文檔序號:11095926閱讀:897來源:國知局
一種用于篩選弱MdmX抑制劑或測試弱MdmX抑制劑的抑制活性的融合蛋白的制造方法與工藝

本發明屬于生物技術領域,涉及一種用于篩選MdmX抑制劑或測試Mdmx抑制劑的抑制活性的重組蛋白的制備和應用,特別是種用于篩選弱MdmX抑制劑或測試弱Mdmx抑制劑的抑制活性的重組蛋白的制備和應用,更具體涉及一種p53多肽和MdmX氨基端融合蛋白及其類似物的制備及其在篩選MdmX抑制劑或測試MdmX抑制劑的抑制活性中的應用。



背景技術:

p53是一種抑癌蛋白,在細胞周期阻滯、DNA損傷修復及細胞凋亡等生物過程中發揮作用,并已成為重要的腫瘤治療靶點。p53的抑制癌變活性受到細胞內過表達MdmX和Mdm2的抑制,與過半數的癌癥相關。解除MdmX和Mdm2對p53的抑制是開發新型癌癥治療藥物的靶點。

MdmX和Mdm2是p53下游的重要調控基因蛋白,MdmX和Mdm2為同源蛋白,兩者結構高度相似,但抑制p53的機理有所不同。目前Mdm2抑制劑的篩選和設計較為成熟,許多已經進入臨床研究階段,例如nutlin-3a改進型分子RG7112即將進入II期臨床研究(Ray-Coquard I,Blay J Y,Italiano A,et al.Effect of the MDM2antagonist RG7112 on the P53 pathway in patients with MDM2-amplified,well-differentiated or dedifferentiated liposarcoma:an exploratory proof-of-mechanism study[J].The lancet oncology,2012,13(11):1133-1140)。但是,MdmX抑制劑的有效篩選和設計進展緩慢。由于Mdm2抑制劑的抗藥性問題(Lane D P,Cheok C F,Lain S.p53-based cancer therapy[J].Cold Spring Harbor perspectives in biology,2010,2(9):a001222.),癌細胞中的MdmX會進一步過表達,加劇癌細胞的惡化。

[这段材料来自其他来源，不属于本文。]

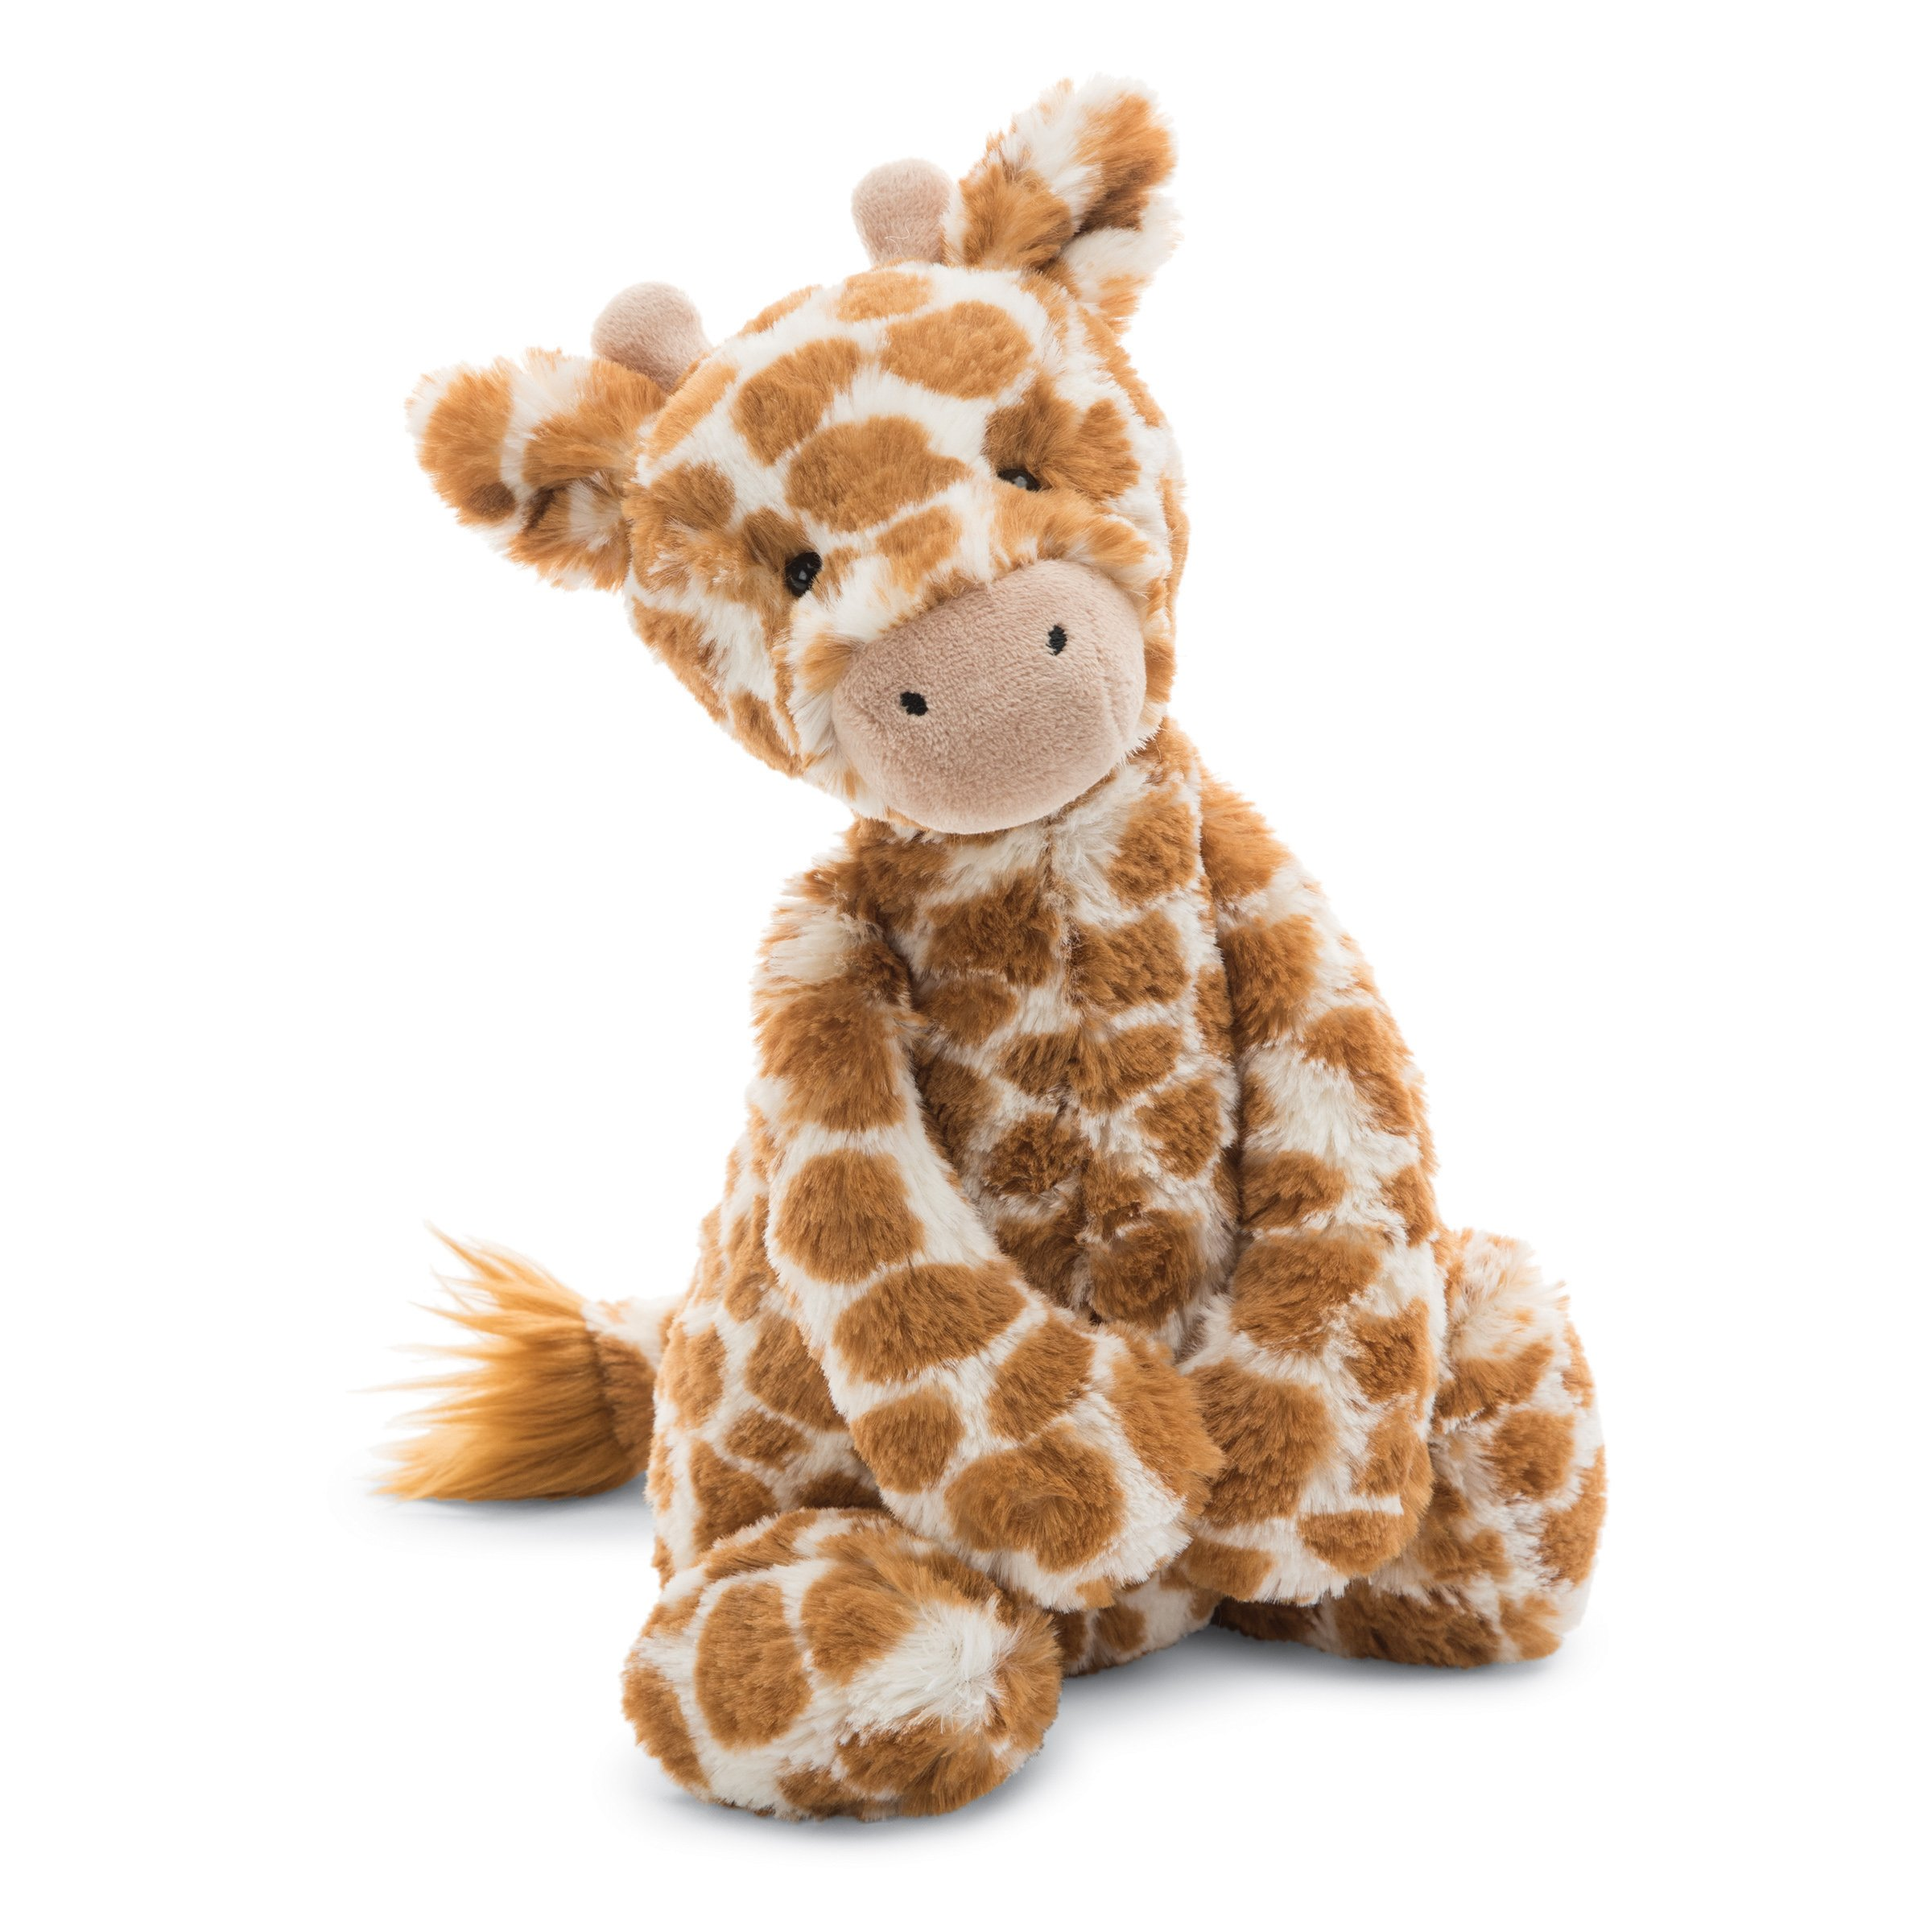 Jellycat Bashful Giraffe Stuffed Animal, Medium, 12 inches

因此,尋找MdmX抑制劑,及以MdmX為基礎而設計的MdmX/Mdm2雙抑制劑是治療近半數癌癥的有效藥物。

MdmX的N末端存在p53的結合域,MdmX的p53結合域可以和p53蛋白的轉錄激活結構域結合,形成p53/MdmX復合體,該復合體能夠抑制p53的轉錄活性,但并不介導p53的降解,使p53蛋白失活而誘發腫瘤。

如若一種化合物,能和p53-MdmX復合物競爭性結合,釋放p53的轉錄活性,或以競爭性或不可逆性結合游離的MdmX,則這種化合物可以解除或部分解除MdmX對p53的抑制,使得p53發揮抑癌的作用,因此,這種化合物可視為癌癥的治療或緩解用的藥物。

現有技術中公開了一些通過與p53競爭性結合MdmX而測試MdmX抑制劑的技術方案。

中國專利文獻CN105936646(公開日:2016.09.14)公開了一類迷你蛋白及其應用。所述迷你蛋白以白蛋白結合域的3α螺旋束為骨架蛋白,并且在所述骨架蛋白的三維結構表面、N端、C端中的至少一處引入有陽離子性氨基酸,并經所述陽離子性氨基酸至少連接p53與MDM2/MDMX結合的關鍵氨基酸位點。該迷你蛋白兼具入胞以及與白蛋白、MDM2/MDMX結合的能力,并可良好抑制p53和Mdm2/MdmX之間的相互作用,可用于制備抗癌藥物等,可用于規模化生產和應用。小蛋白與Mdm2/MdmX的結合用的熒光偏振檢測。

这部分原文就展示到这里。